DATASET SECTION.
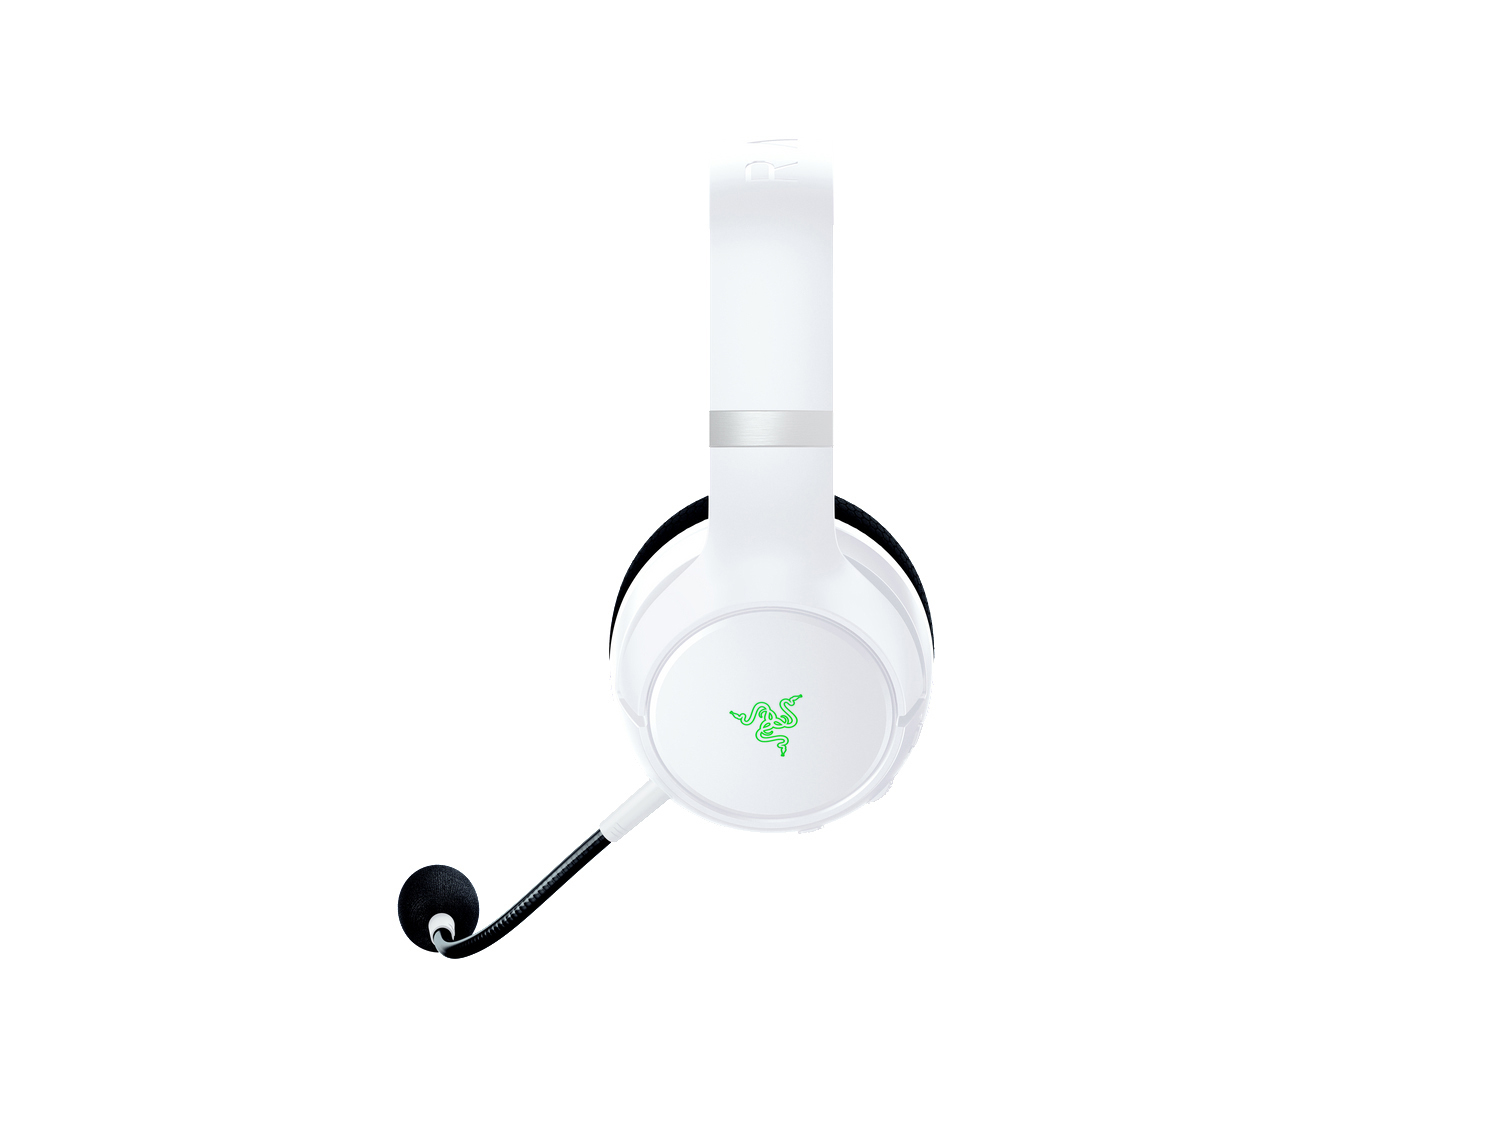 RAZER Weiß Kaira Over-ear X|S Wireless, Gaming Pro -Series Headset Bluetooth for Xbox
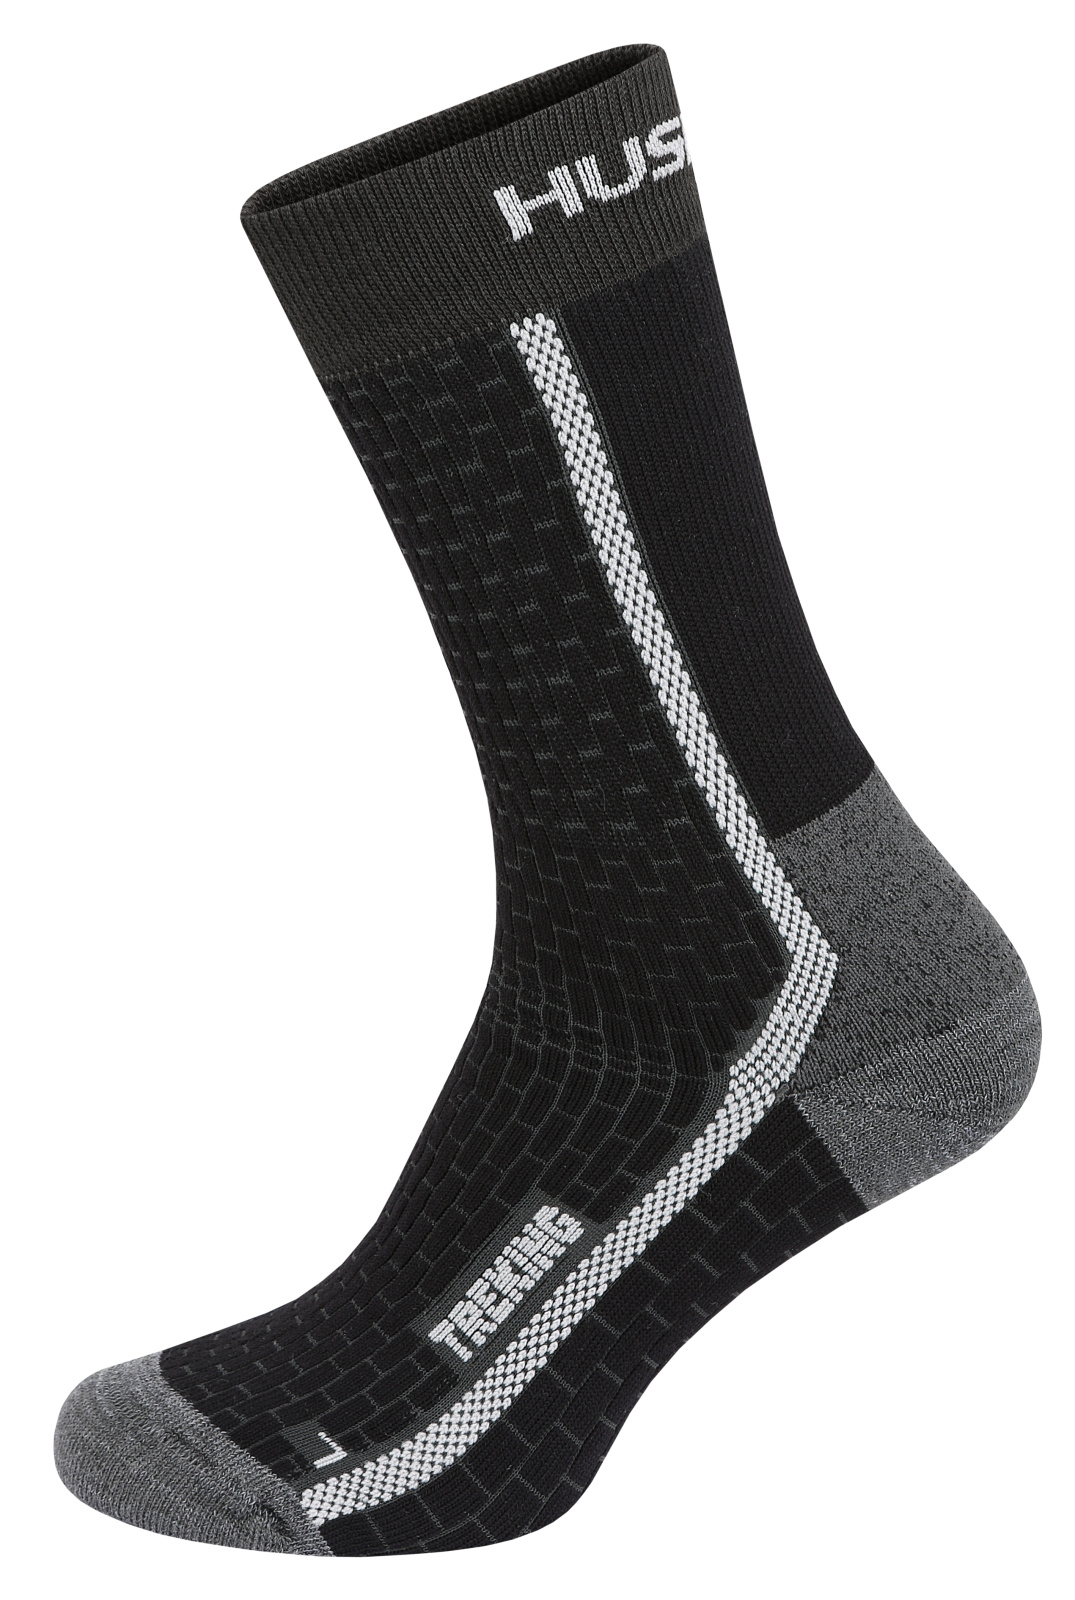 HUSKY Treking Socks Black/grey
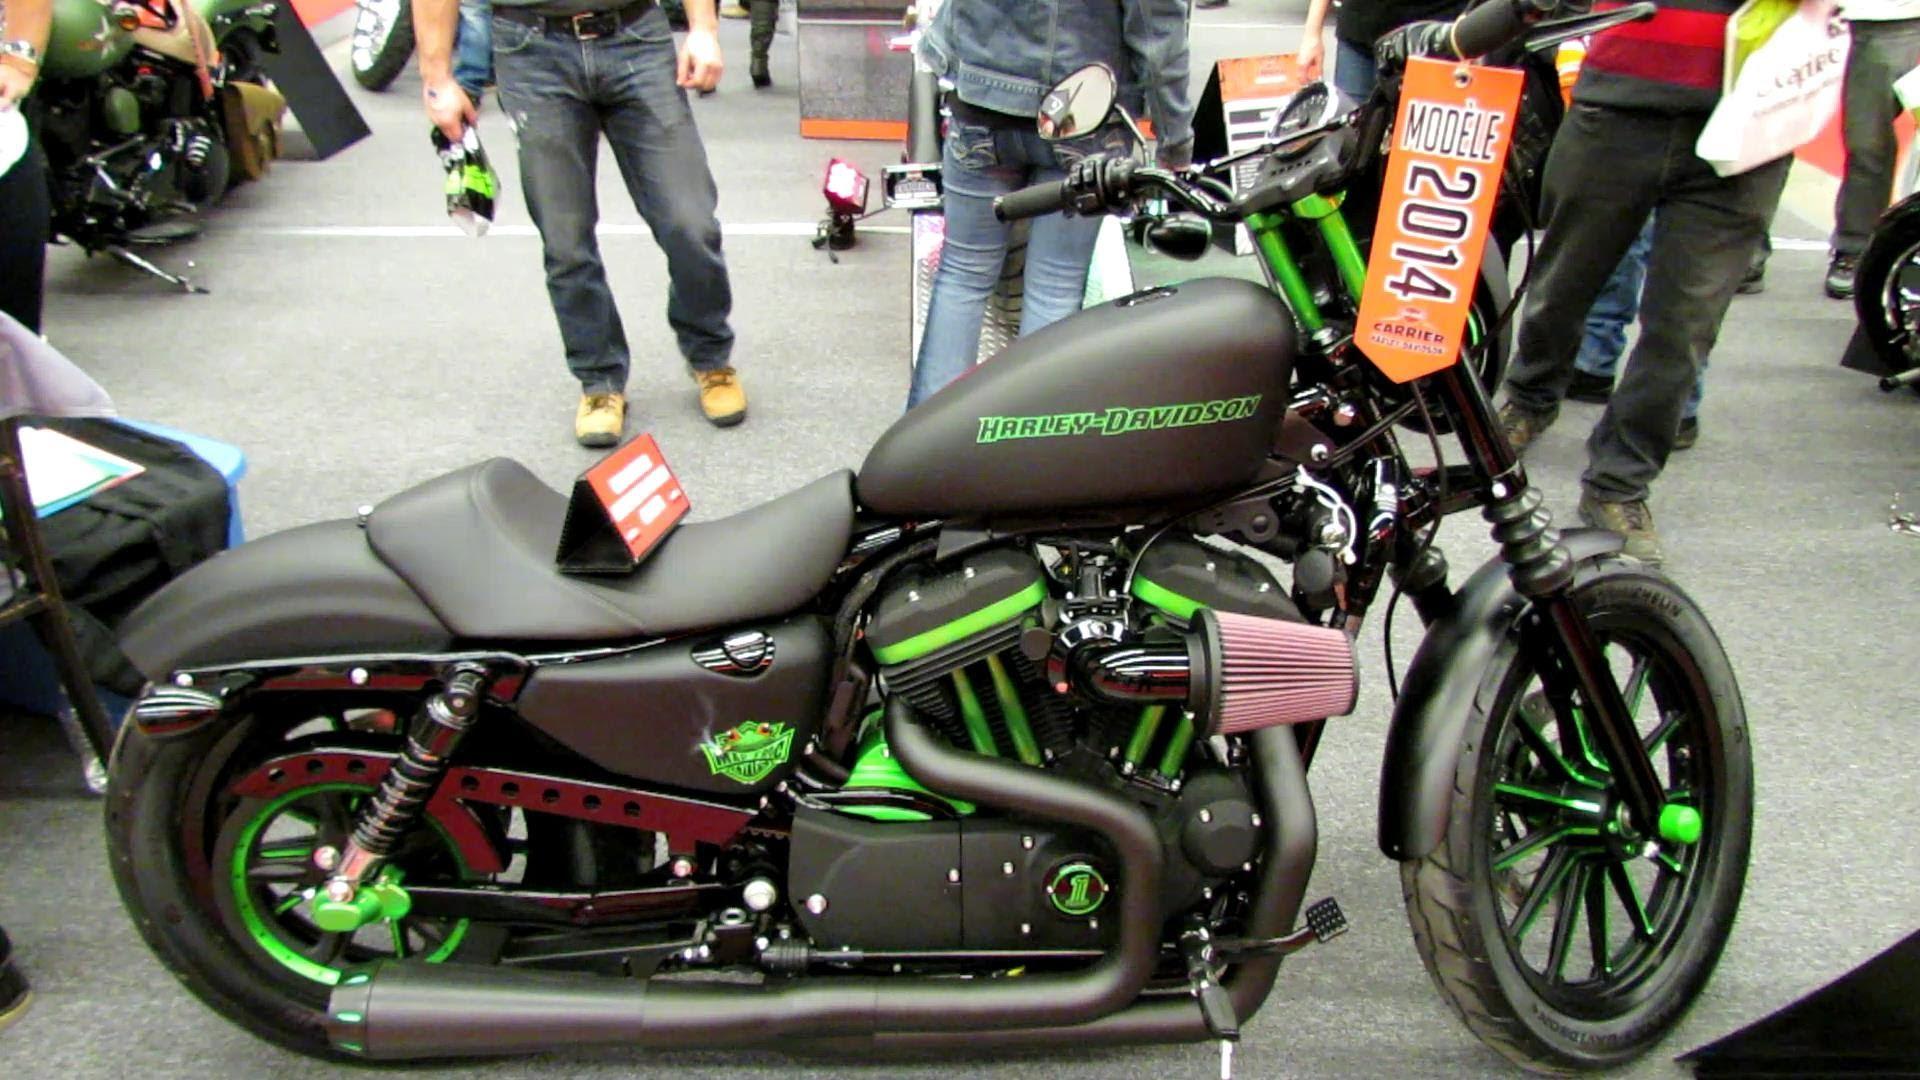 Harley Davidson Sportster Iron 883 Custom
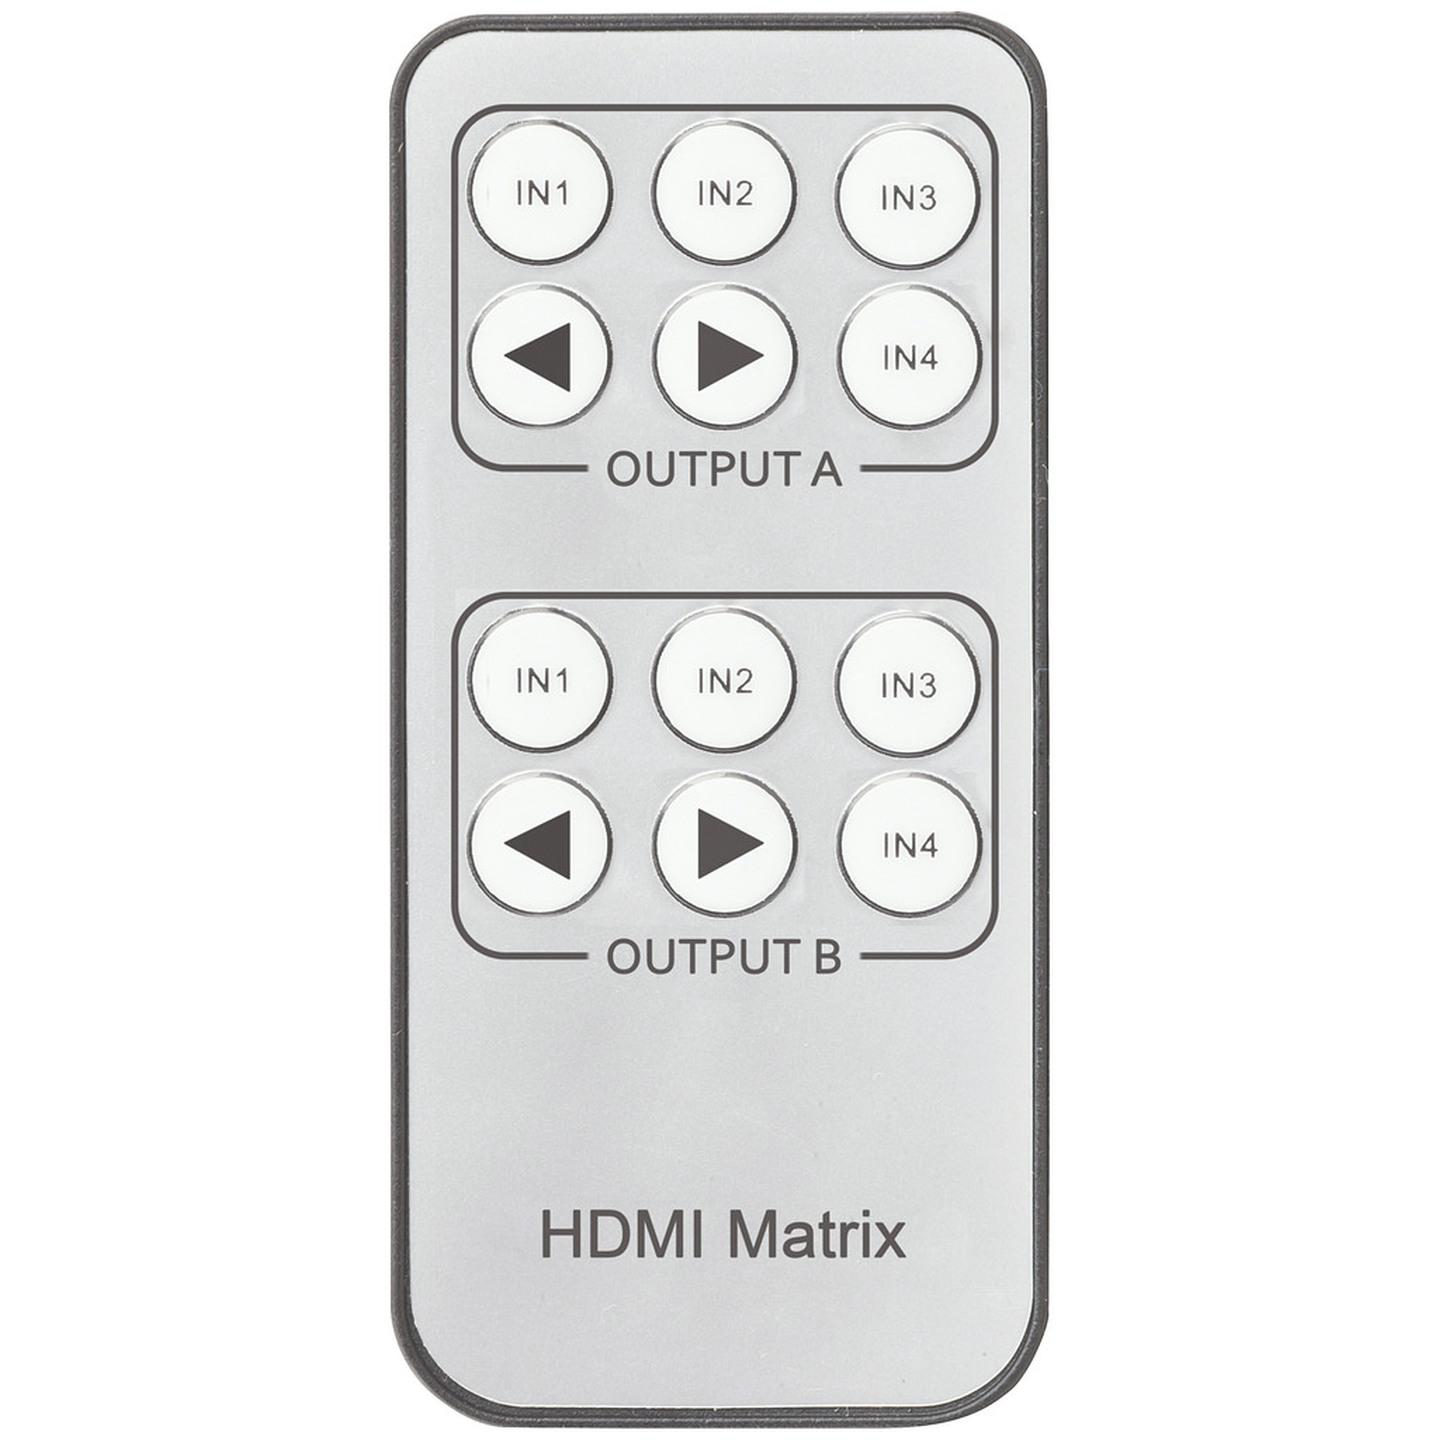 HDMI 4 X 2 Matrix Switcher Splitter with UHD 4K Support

EXERCISE OBJECTIVE. Transcribe all the data word for word; the images stay out.

ANSWER BOX.
 RAZER Weiß Kaira Over-ear X|S Wireless, Gaming Pro -Series Headset Bluetooth for Xbox
 HUSKY Treking Socks Black/grey
 Harley Davidson Sportster Iron 883 Custom
 HDMI 4 X 2 Matrix Switcher Splitter with UHD 4K Support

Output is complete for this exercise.